Все получили ровно по столько же. Старшина за полночи все организовал. Мясо сварено в деревенских чугунах, нарезано и в чугунах же зарыто в землю так, что никому не найти. Бульон в ведрах и термосах. Артиллеристы выпили по две кружки. Остальное, как прикажет комбат. Термоса на всякий случай тоже зарыли.
- Пошли! - удовлетворенно сказал Железняков, закидывая за спину автомат, без которого он ночью никогда не ходил.
Жуя на ходу и чувствуя, как странное, то ли забитое, то ли просто никогда не изведанное, ощущение удовольствия и силы вместе с какой‑то болью заполняет его, плывет сверху вниз, он продолжал расспрашивать:
- Где зарыты чугуны? Как разыскать их, если убьют того, кто знает?
Всех разом не убьют: знают четверо. Об этом уже думали.
- Ермошкин?
Ермошкин есть Буйвола не стал. Отказывается напрочь. Плачет. Сознание теряет, а приходит в себя и опять плачет. Ребята думают, что он тронулся.
Железняков скрипнул зубами. Спать нельзя было. Не надо было спать. Но днем он пойдет к Ермошкину. Он заставит.
Юмагулов, едва различимый в темноте, взмахнул рукой. Комбат уловил это по неясно мелькнувшей тени и слабому ветерку, чуть коснувшемуся лица.
- Не заставлю? - удивился он.
Молча пройдя шагов пятнадцать, Юмагулов тихо сказал:
- Заставить нельзя.
Еще через пять шагов добавил:
- Уговорить тоже. Он упрямый, мордвин.
- Ну и ты, татарин, упрямый, - даже остановился Железняков. - И сколько вас таких в батарее. Что ж, никого и не заставить, и не уговорить?

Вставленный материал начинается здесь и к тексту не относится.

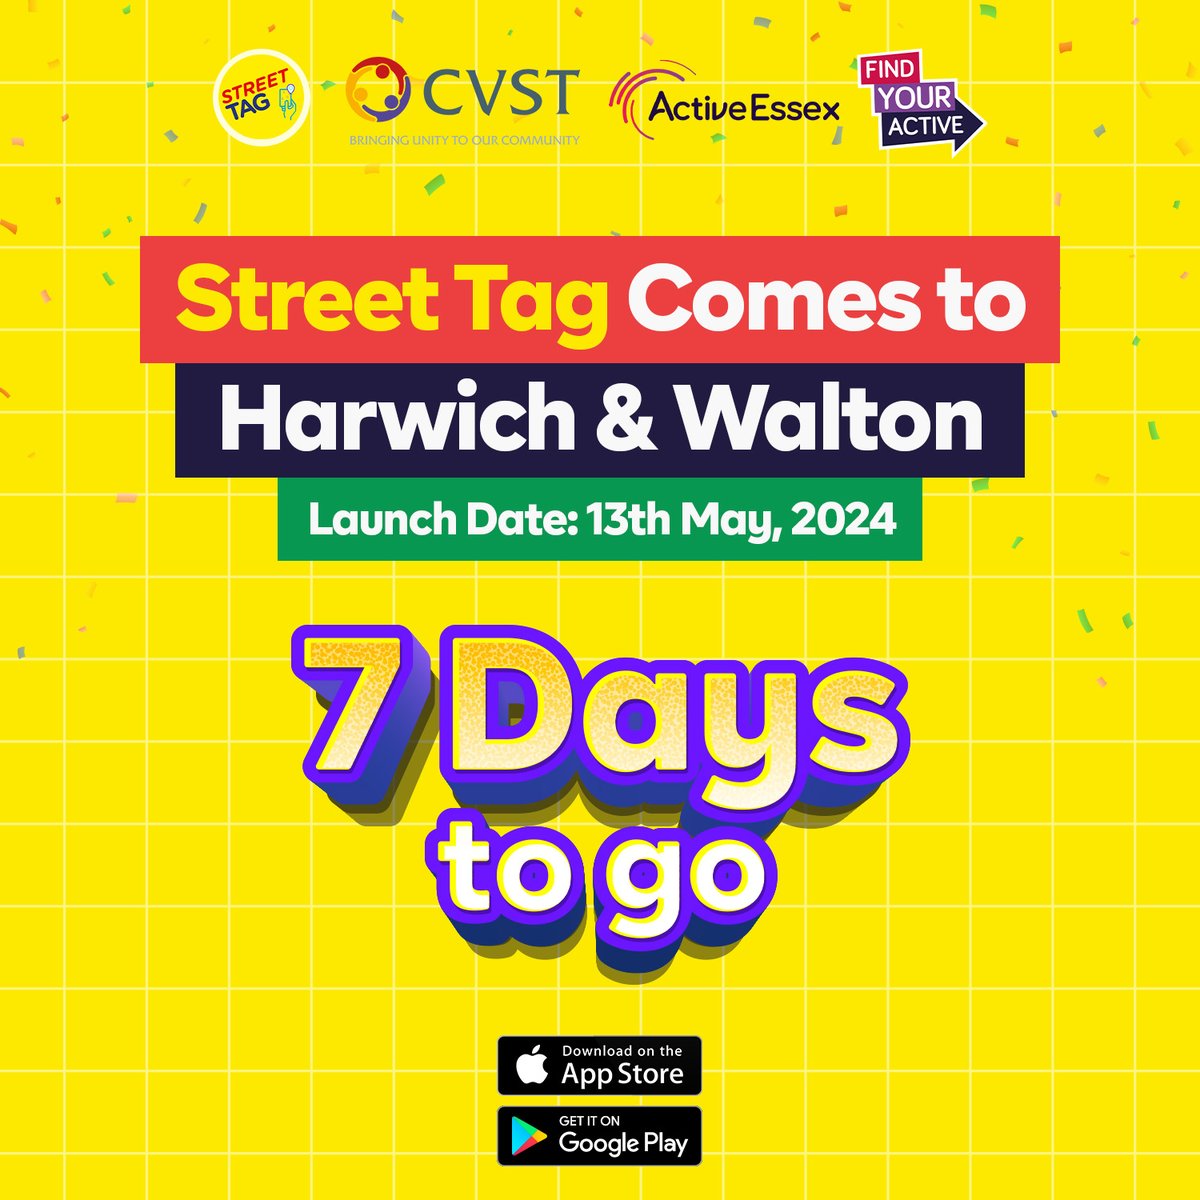 Street Tag is in Harwich & Walton! Walk, run, cycle, scoot to stay active, collect points and win prizes! The Community Leaderboard season starts on the 13th of May, 2024, so don't wait—download the app and dive into the action TODAY! @cvstendring @activeessex

Юмагулов дальше шел молча. И в этом было несогласие, упрямое несогласие. Уже у самого штаба полка он снова убежденно повторил:
- Не, заставить нельзя.
- А на смерть идти?
- На смерть идти не заставляют. Сами.
- Все? Сами?
Дальше говорить не пришлось: шли уже меж землянок штаба полка.
Перед блиндажом командира полка Железнякова встретил адъютант Кузнецова лейтенант Кабиров. Он молча пригнулся к лицу комбата, разглядывая его во тьме, и только тогда протянул руку.
- Иди, - подтолкнул он его к ступенькам, ведущим вниз. - Ждет.
- А ты?
- Я буду здесь, чтоб никто не появился.
- А часовой?
- И часового чтоб не было.
- Во, новости на фронте. - Железняков затопал вниз по ступенькам, выстеленным досками. Гулко и звонко раскатились в темноте его шаги.
- Тише, - зашипел сверху Кабиров.
- Не ори, - тихо одернул вошедшего в блиндаж комбата Кузнецов, обрывая его доклад. - Не до формальностей, брат.
Он поднял трубку и покрутил ручку полевого телефона.
- Сколько?
Услышал короткий ответ. Снова ответ был краток. И снова. И снова.
- Одиннадцать человек на грани жизни и смерти, - сказал Кузнецов, резко отодвигая телефон. - Все ясно?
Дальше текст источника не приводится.